Wie gesagt, ich bin kein Anfänger was Alsa angeht...Stummschaltung wurde manuell aufgehoben, Lautstärke aufgedreht usw.

Meiner Meinung nach bin ich hier wirklich auf einen Bug gestoßen.

----------

## Finswimmer

Hmm.

Ja. Ich will dir gewiss keinen Vorwurf machen.

Dachte nur, dass man daran noch etwas sehen könnte.

2 Sachen fallen mir noch ein:

Die Sound Unterstützung muss nicht als Modul sein. Mach sie mal fest rein.

Und die andere:

Ich war auch, beim Installieren meiner Karte, oft bei dem Stand, wo du jetzt bist.

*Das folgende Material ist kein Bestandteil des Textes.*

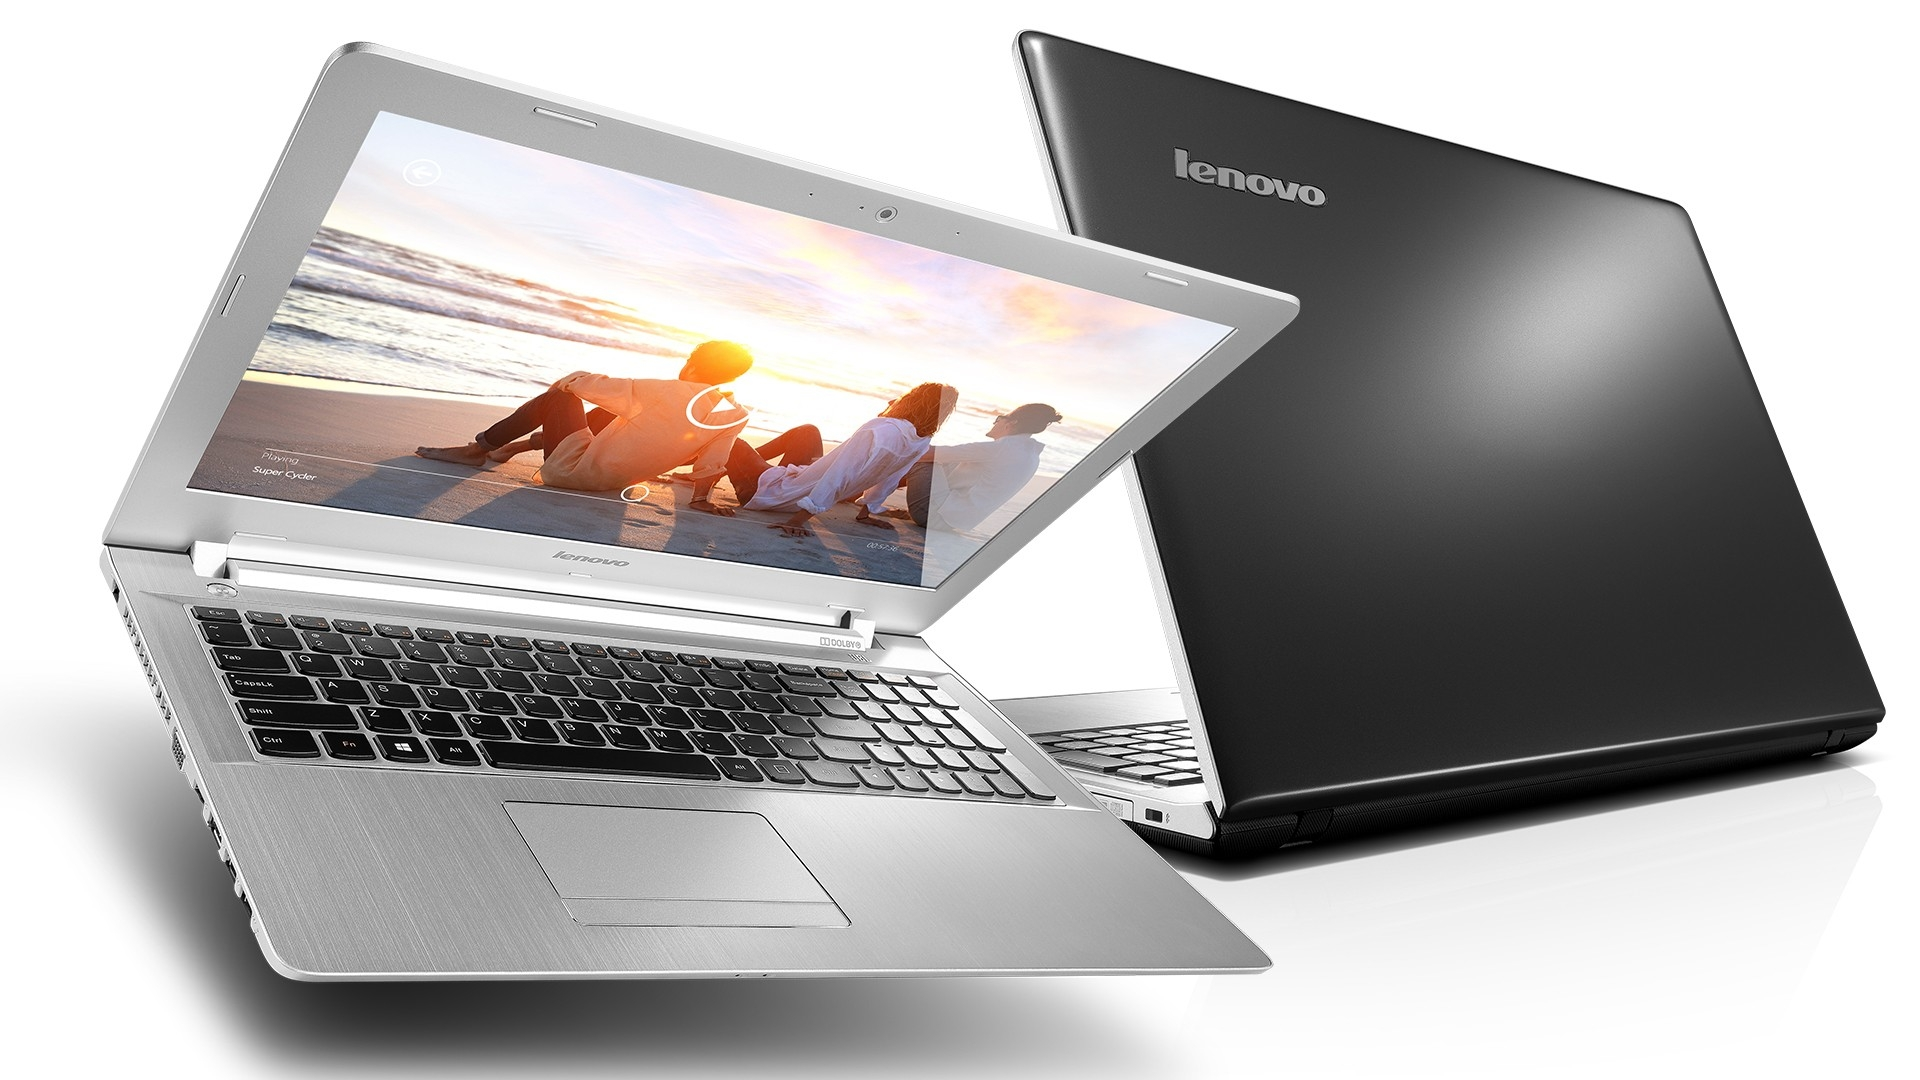 Lenovo Z51-70 لابتوب كور i7 جيل خامس مع كارت شاشة AMD R9 m375 أساسي 4 جيجا

Aber es ging erst, nachdem ich die /etc/modules.conf angepasst habe.

Sicher, dass da nicht nen Installationsscript wieder rumgepfuscht hat?

BTW: Ist das nen Laptop?

Weil bei mir ists der neue Aldi Laptop...Und da gehts definitiv.

Ansonsten: Herzlichen Glückwunsch, du hast nen Bug entdeckt  :Wink: 

Ciao Tobi

----------

## Ballbreaker

@Finswimmer: snd fest einbauen hat auch nichts gebracht. Und: Ja, es ist ein Notebook (ein Asus M5A)

Hab jetzt noch mal Alsa komplett neu und sauber installiert, und zwar den neuesten alsa-Treiber und nicht den im Kernel integrierten - leider wieder ohne Erfolg. Noch mal vielen Dank an alle die versucht haben mein Problem zu lösen!

Ich hoffe jetzt drauf daß mir die alsa-Leute eine Antwort auf meinen Bug-Report schreiben...

Hier mal die diversen config-files und so - falls irgendjemandem noch was einfällt bin ich um jede Hilfe dankbar!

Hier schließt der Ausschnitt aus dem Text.